Cold Formalism or Unconventional Ways

"... no man putteth new wine into old bottles; else the new wine will burst the bottles, and be spilled, and the bottles shall perish. But new wine must be put into new bottles, and both are preserved." Luke 5:37-38

    The bottles referred to here were actually containers made from the hides of animals. When these wineskins were new, they were pliable and somewhat elastic. But when they became old, they were stiff and inflexible. If new wine was placed in old skins, the fermenting action of the wine would build up too much pressure for the old wineskins to accommodate, and they would burst.

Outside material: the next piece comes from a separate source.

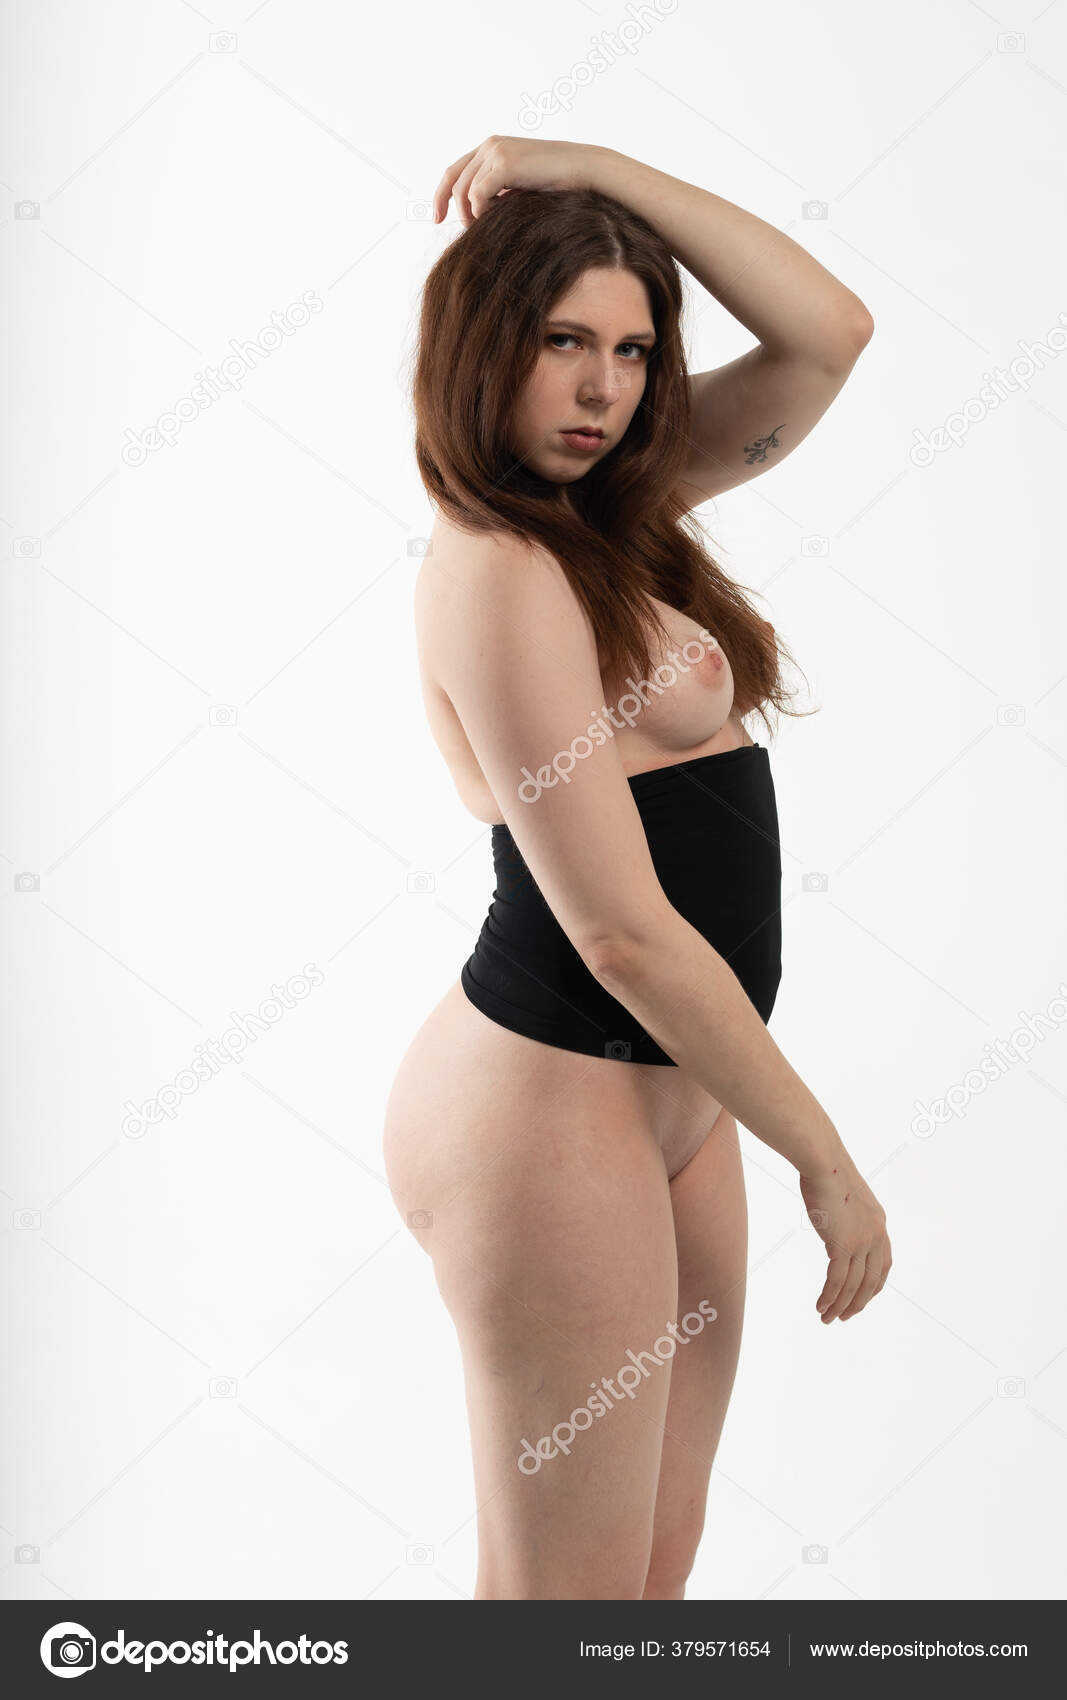 https://st4n.depositphotos.com/10086424/37957/i/1600/depositphotos_379571654-stock-photo-young-beautiful-girl-posing-nude.jpg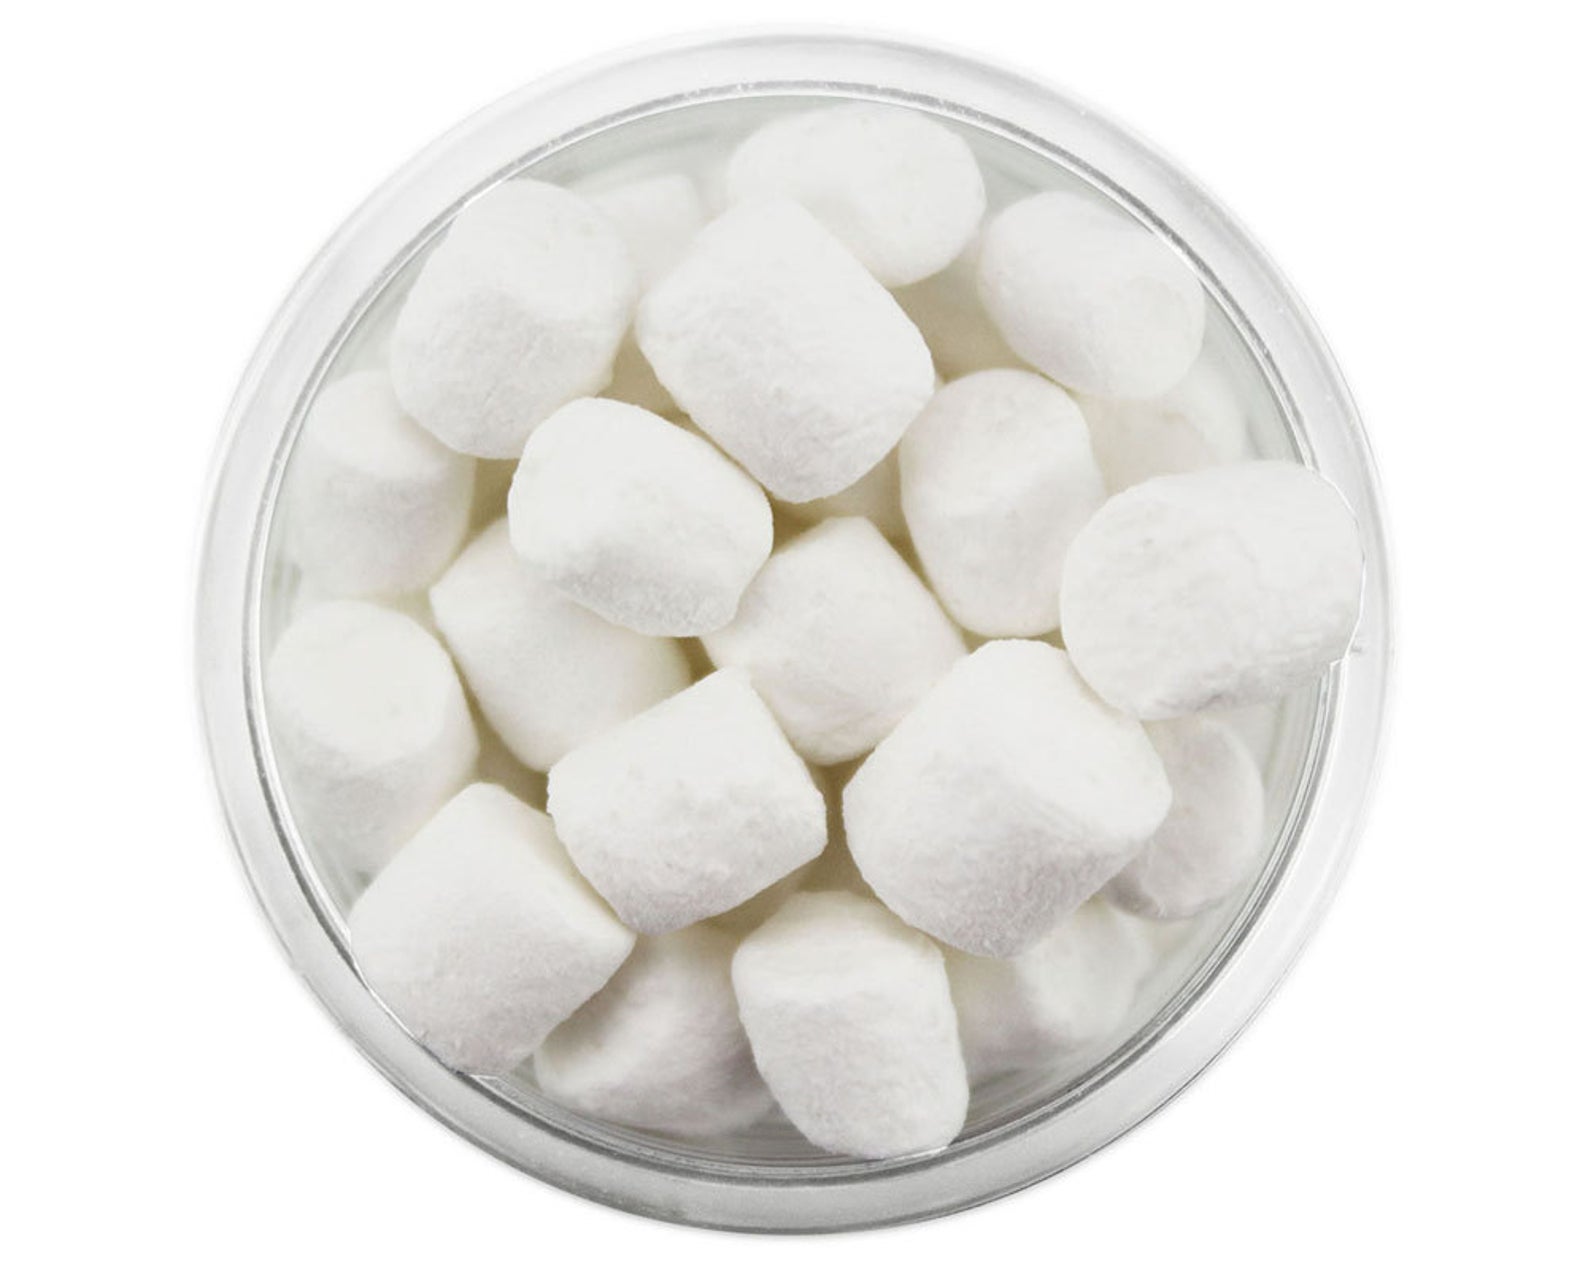 Tiny White Marshmallows

    Here in Luke 5, Jesus uses this to illustrate the clash between Judaism and Christianity. He is saying that "the outmoded forms, ordinances, traditions and rituals of Judaism were too rigid to hold the joy, the exuberance and the energy of the new dispensation."

    This chapter contains dramatic illustrations. In verses 18-21, we see four men tearing up the roof of a house in order to bring a paralyzed man to Jesus for healing. Their innovative, unconventional method is an illustration of the new wine. In verse 21, the scribes and Pharisees begin to find fault with Jesus; they are the old wineskins. Again, in verses 27-29 we have Levi's enthusiastic response to Christ's call, and the banquet he held to introduce his friends to Jesus. That is the new wine. In verse 30, the scribes and Pharisees grumble again. They are the old wine-skins.

    We see this in all of life. People get set in traditional ways of doing things and find it hard to adjust to change. The housewife has her own way of doing the dishes and finds it irritating to see someone else fumbling around in her sink. The husband has his own ideas as to how a car should be driven, and nearly loses his senses when wife or children drive.

    But the great lesson for all of us is in the spiritual realm. We should be flexible enough to allow for the joy, the effervescence, the enthusiasm of the Christian faith, even if it comes in unconventional ways. We neither want nor need the stodginess and cold formalism of the Pharisees, who sat on the sidelines criticizing when God was working.